Collected data:
____
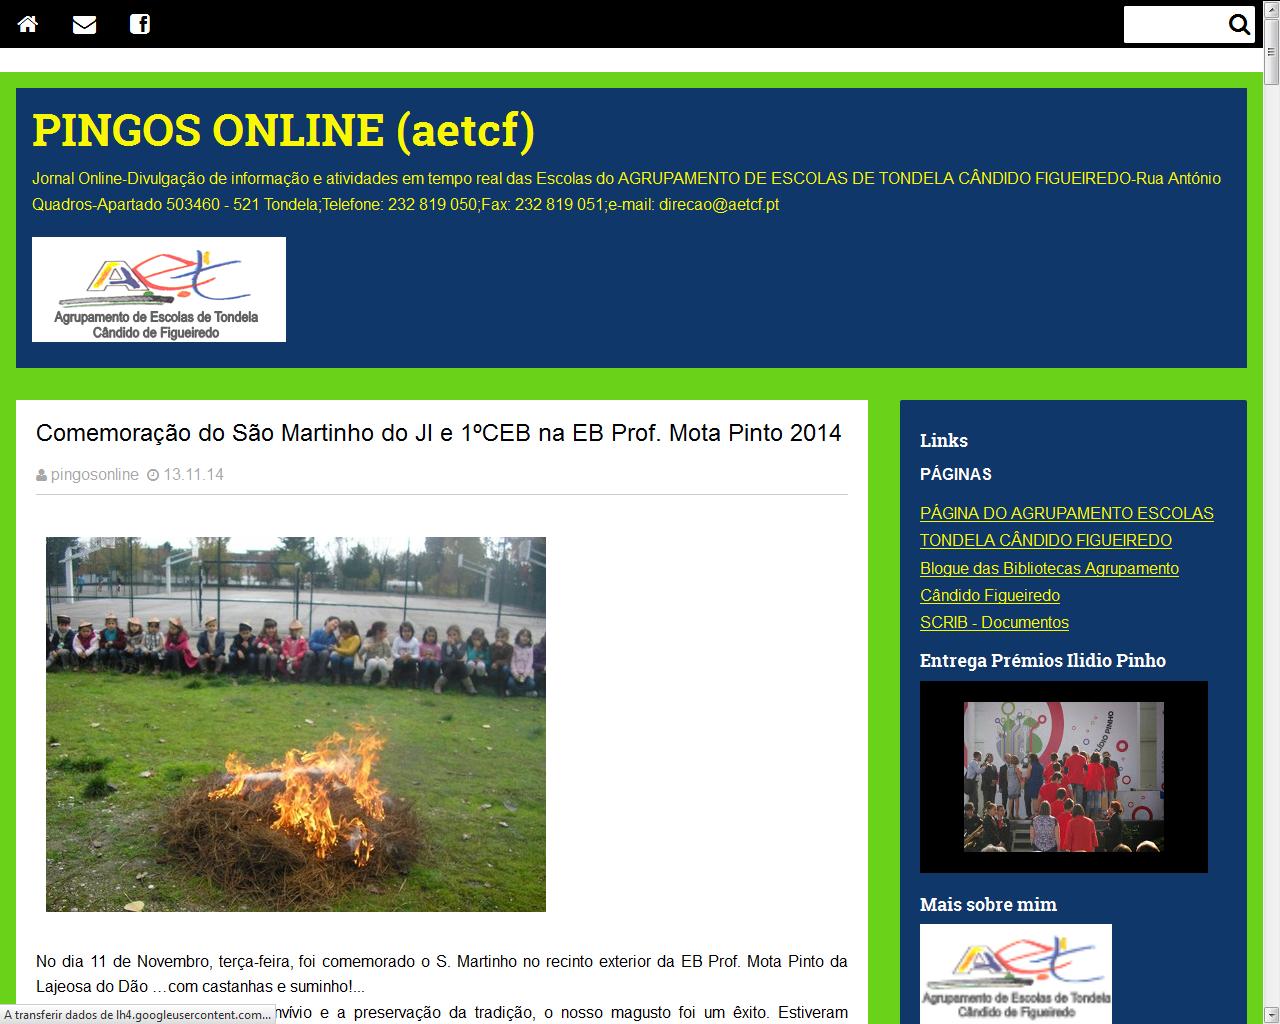 Pingos online
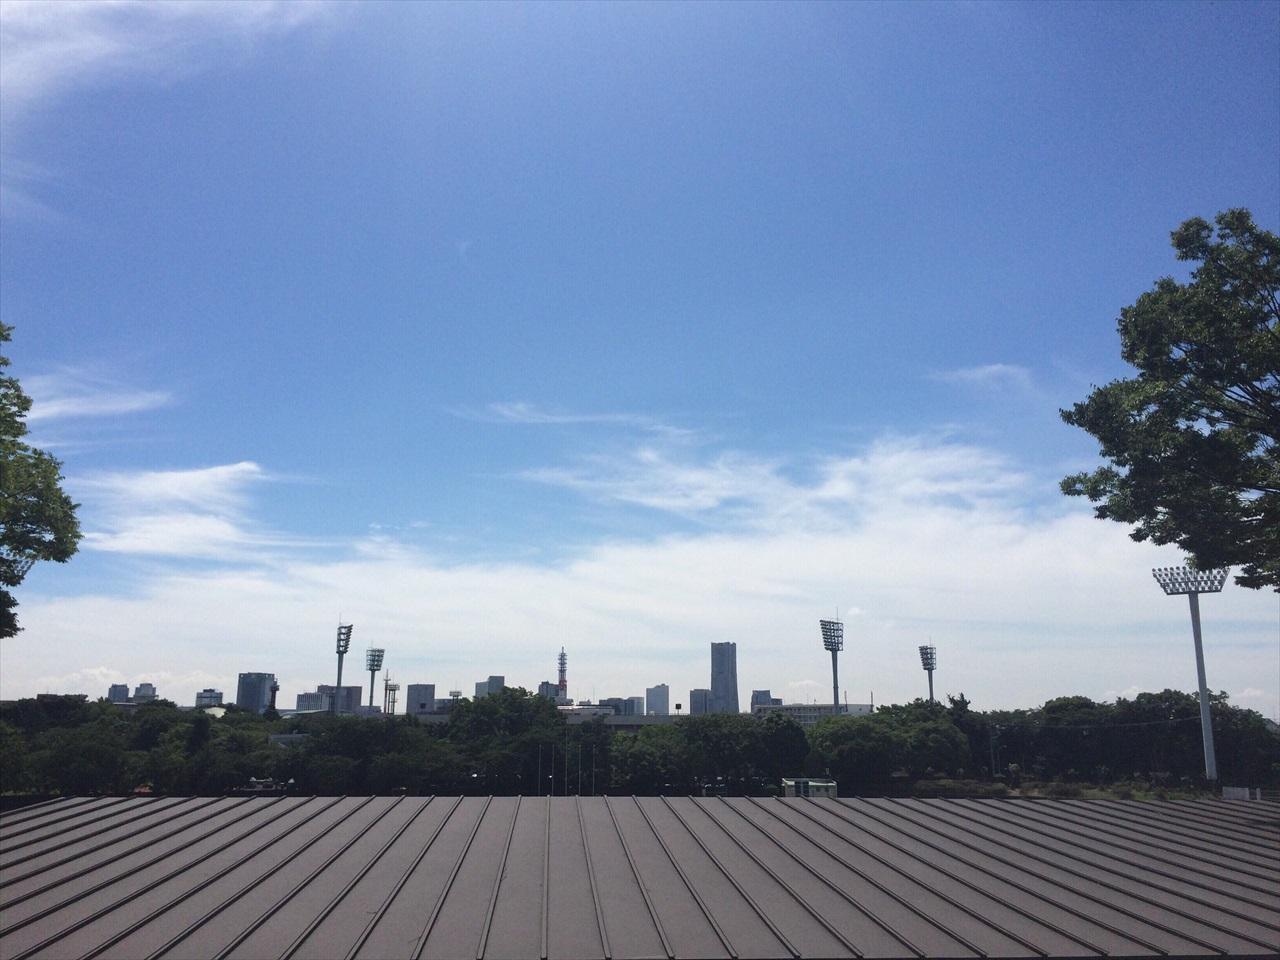 三ツ沢公園競技場にて。手前のトタン屋根は、かつて原水爆禁止宣言が発表された競技場演壇の後ろ側。
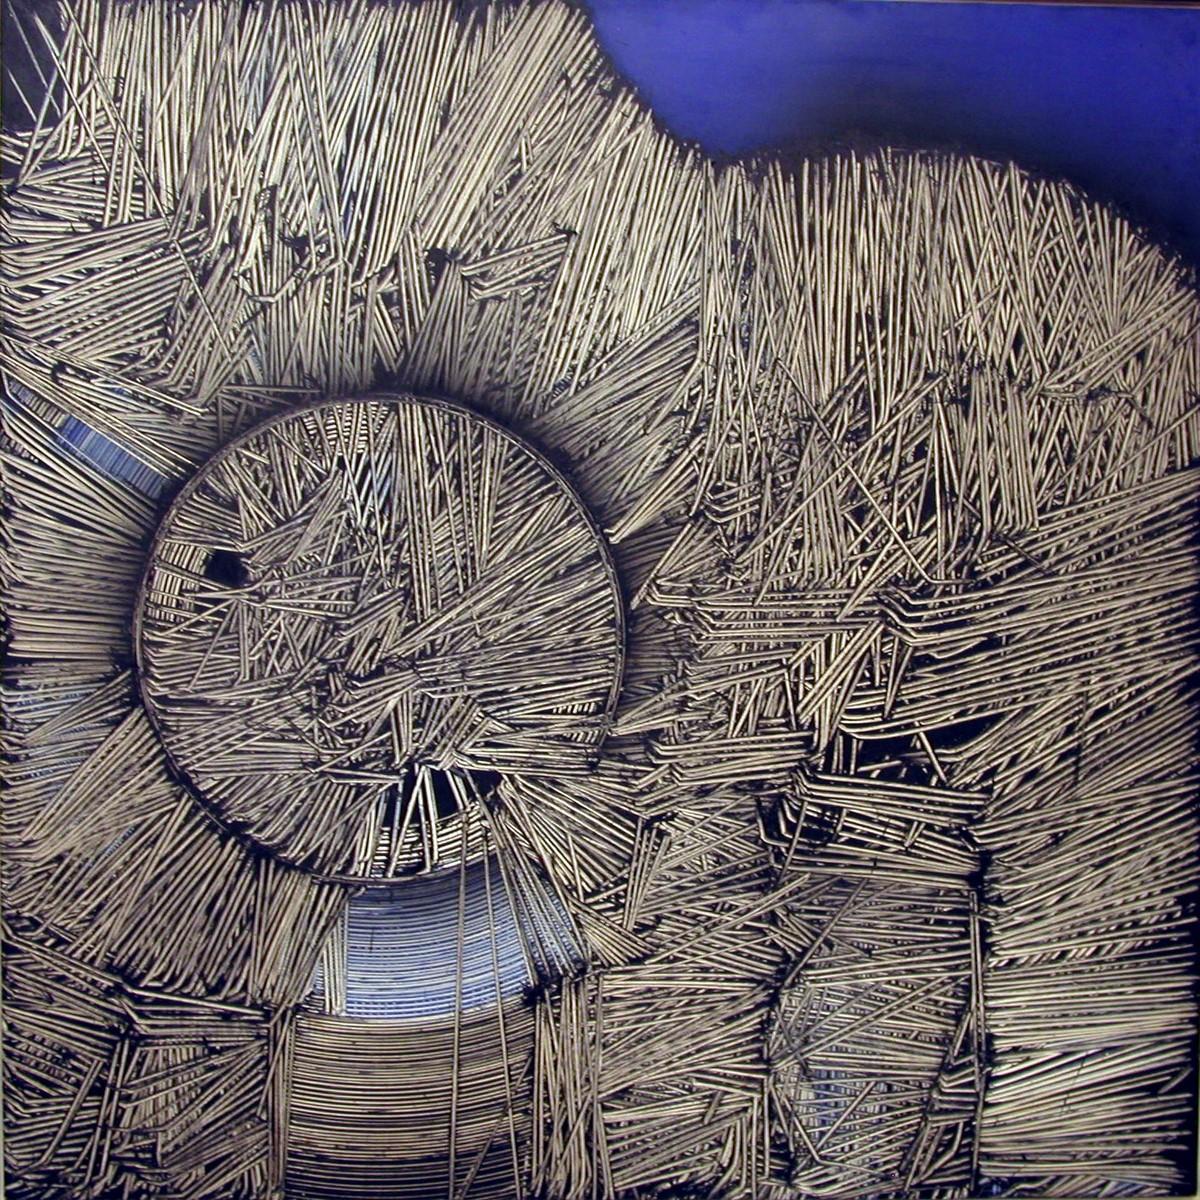 Emilio Scanavino, Tramatura sull'azzurro, olio su legno, 1970
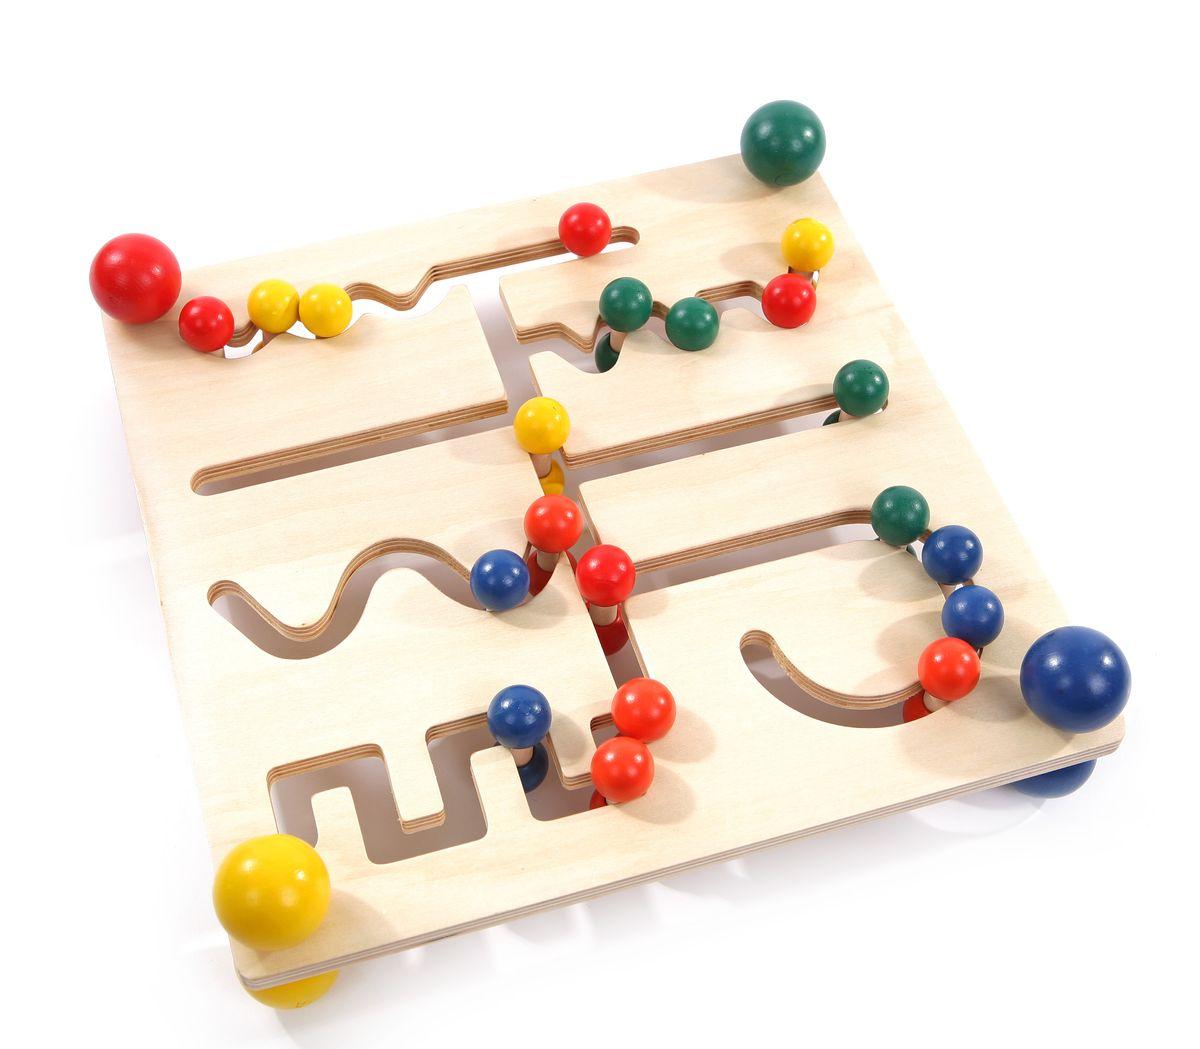 Мир деревянных игрушек Лабиринт ШарикиД201Лабиринт Мир деревянных игрушек выполнен в виде деревянной основы, по которым свободно двигаются разноцветные двусторонние шарики. В комплект также входят 15 карточек с заданиями. Ребенку необходимо по заданию сдвинуть по лабиринту шарики определенных цветов. Игрушка способствует развитию логики, моторики, цветовосприятия и творческих способностей ребенка.
____
What the task asks: Return only the stretch above from the line containing "三ツ沢公園競技場にて。手前の" through the line containing "Emilio Scanavino, Tramatura", word for word and without pictures.

Result:
 三ツ沢公園競技場にて。手前のトタン屋根は、かつて原水爆禁止宣言が発表された競技場演壇の後ろ側。
 Emilio Scanavino, Tramatura sull'azzurro, olio su legno, 1970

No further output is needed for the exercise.